Kyai Haji Ahmad Dahlan yang memiliki nama kecil Muhammad Darwis lahir di Yogyakarta, 1 Agustus 1868. Ia adalah seorang Pahlawan Nasional Indonesia. Ayahnya, KH Abu Bakar adalah seorang ulama dan khatib terkemuka di Masjid Besar Kesultanan Yogyakarta pada masanya. Adapun ibunya adalah puteri dari H. Ibrahim yang juga menjabat penghulu Kesultanan Ngayogyakarta Hadiningrat pada masanya. Muhammad Darwis tumbuh dalam lingkungan pesantren sejak kecil. Ia belajar pengetahuan agama dan bahasa Arab dari sana.

 

Muhammad Darwis mengubah namanya menjadi Ahmad Dahlan setelah menunaikan ibadah haji

KH Ahmad Dahlan
cakrawanainspirasi.blogspot.com
Ketika berusia 15 tahun (1883), Muhammad Darwis menunaikan ibadah haji. Ia tidak serta merta pulang ke tanah air, melainkan menuntut ilmu agama dan bahasa Arab di Makkah selama lima tahun. Di sana ia berinteraksi dengan pemikiran-pemikiran pembaharu dalam dunia Islam, seperti Muhammad Abduh, Al-Afghani, Rasyid Ridha, dan Ibnu Taimiyah.

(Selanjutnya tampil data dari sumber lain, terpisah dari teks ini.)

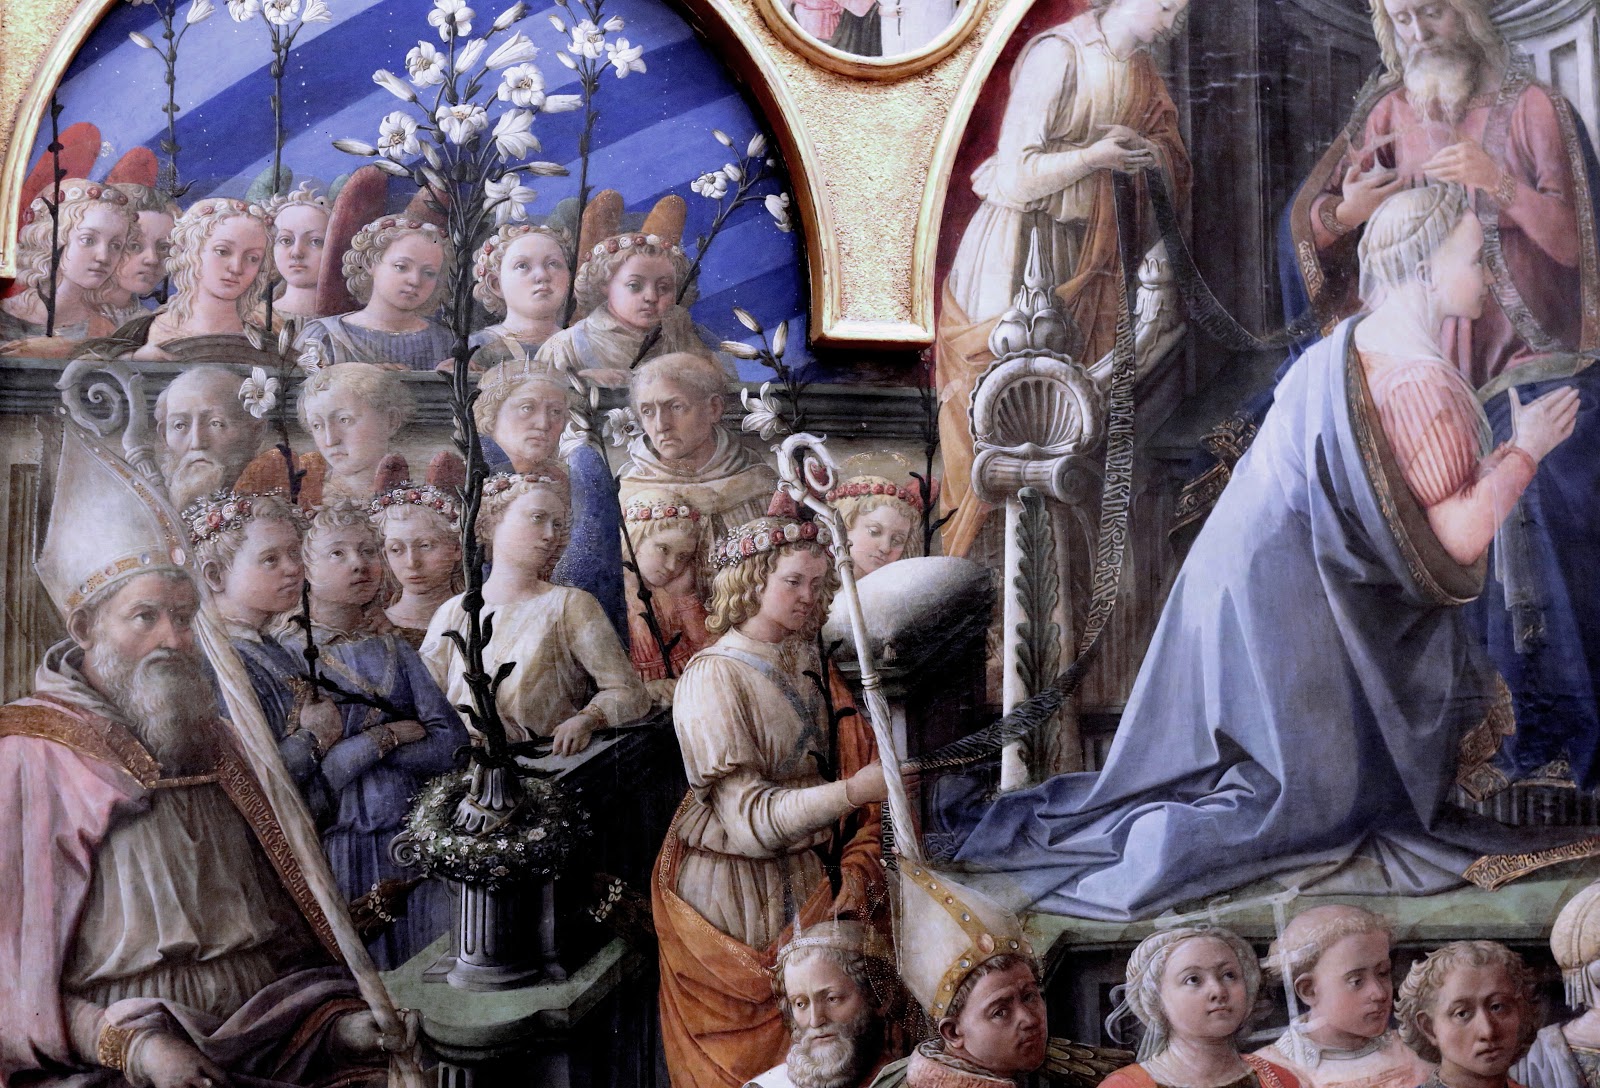 Filippino+Lippi-1457-1504 (121).jpg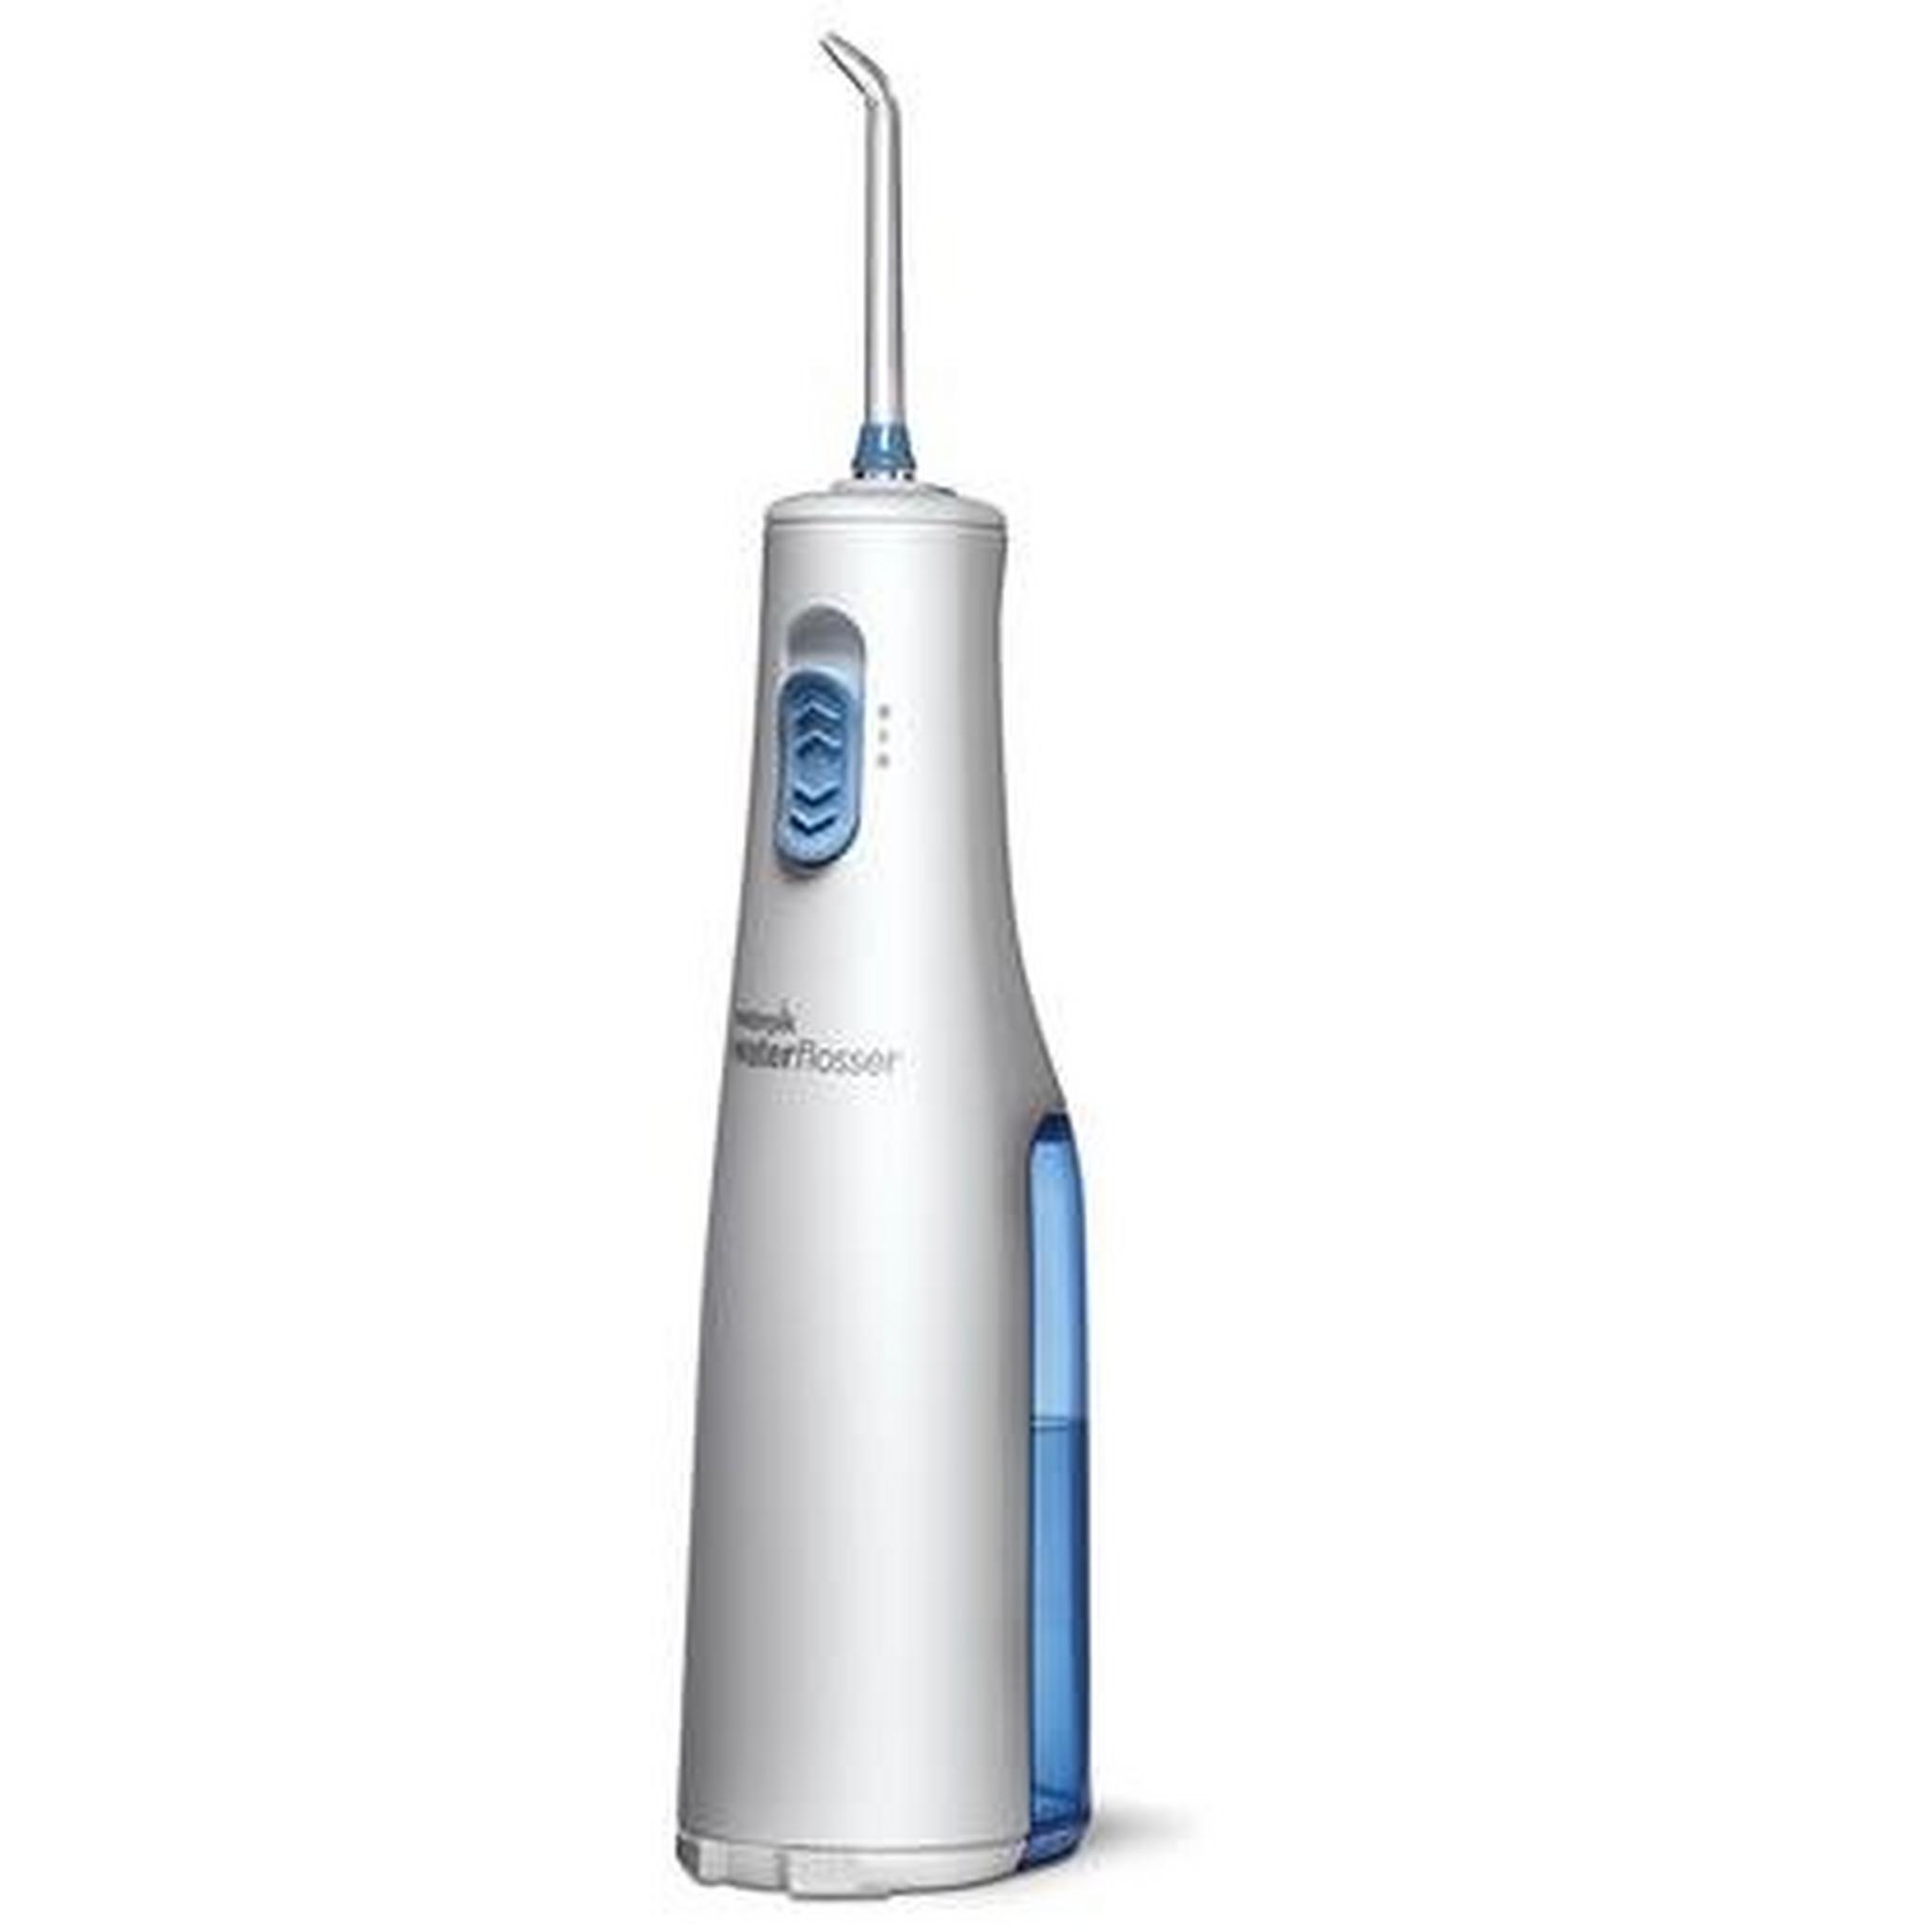 مضخة تنظيف الأسنان اللاسلكية ووتر بيك - بطارية اى اى (WF-02ME011)

Pada usia 20 tahun (1888), ia kembali ke kampungnya, dan berganti nama menjadi Haji Ahmad Dahlan (suatu kebiasaan dari orang-orang Indonesia yang pulang haji, selalu mendapat nama baru sebagai pengganti nama kecilnya). Sepulangnya dari Makkah ini, ia pun diangkat menjadi Khatib Amin di lingkungan Kesultanan Yogyakarta. Pada tahun 1902-1904, ia menunaikan ibadah haji untuk kedua kalinya yang dilanjutkan dengan memperdalam ilmu agama kepada beberapa guru di Makkah.

Membina rumah tangga bersama Siti Walidah, tidak membuat KH Ahmad Dahlan berhenti memikirkan nasib umat Islam di Indonesia

Siti Walidah
ppa.uad.ac.id

Sepulang dari Makkah, ia menikah dengan Siti Walidah, saudara sepupunya sendiri, anak Kyai Penghulu Haji Fadhil, yang kelak dikenal dengan Nyai Ahmad Dahlan, seorang Pahlawan Nasional dan pendiri Aisyiyah.

Meskipun sudah berkeluarga, pikirannya tetap tercurah untuk nasib umat Islam di Indonesia. Setelah banyak mendalami ilmu agama, ia sangat merasakan kemunduran umat Islam di tanah air.  Ia merasa bertanggung jawab untuk membangunkan, menggerakkan, dan memajukan mereka. Ia sadar bahwa kewajiban itu tidak mungkin dilaksanakan seorang diri, melainkan harus dilaksanakan oleh beberapa orang yang diatur secara seksama. Kerjasama antara beberapa orang itu tidak mungkin tanpa organisasi.

Untuk membangun upaya dakwah (seruan kepada umat manusia) tersebut, KH Ahmad Dahlan gigih membina angkatan muda untuk turut bersama-sama melaksanakan upaya dakwah tersebut, dan juga untuk meneruskan dan melangsungkan cita-citanya membangun dan memajukan bangsa ini dengan membangkitkan kesadaran akan ketertindasan dan ketertinggalan umat Islam di Indonesia.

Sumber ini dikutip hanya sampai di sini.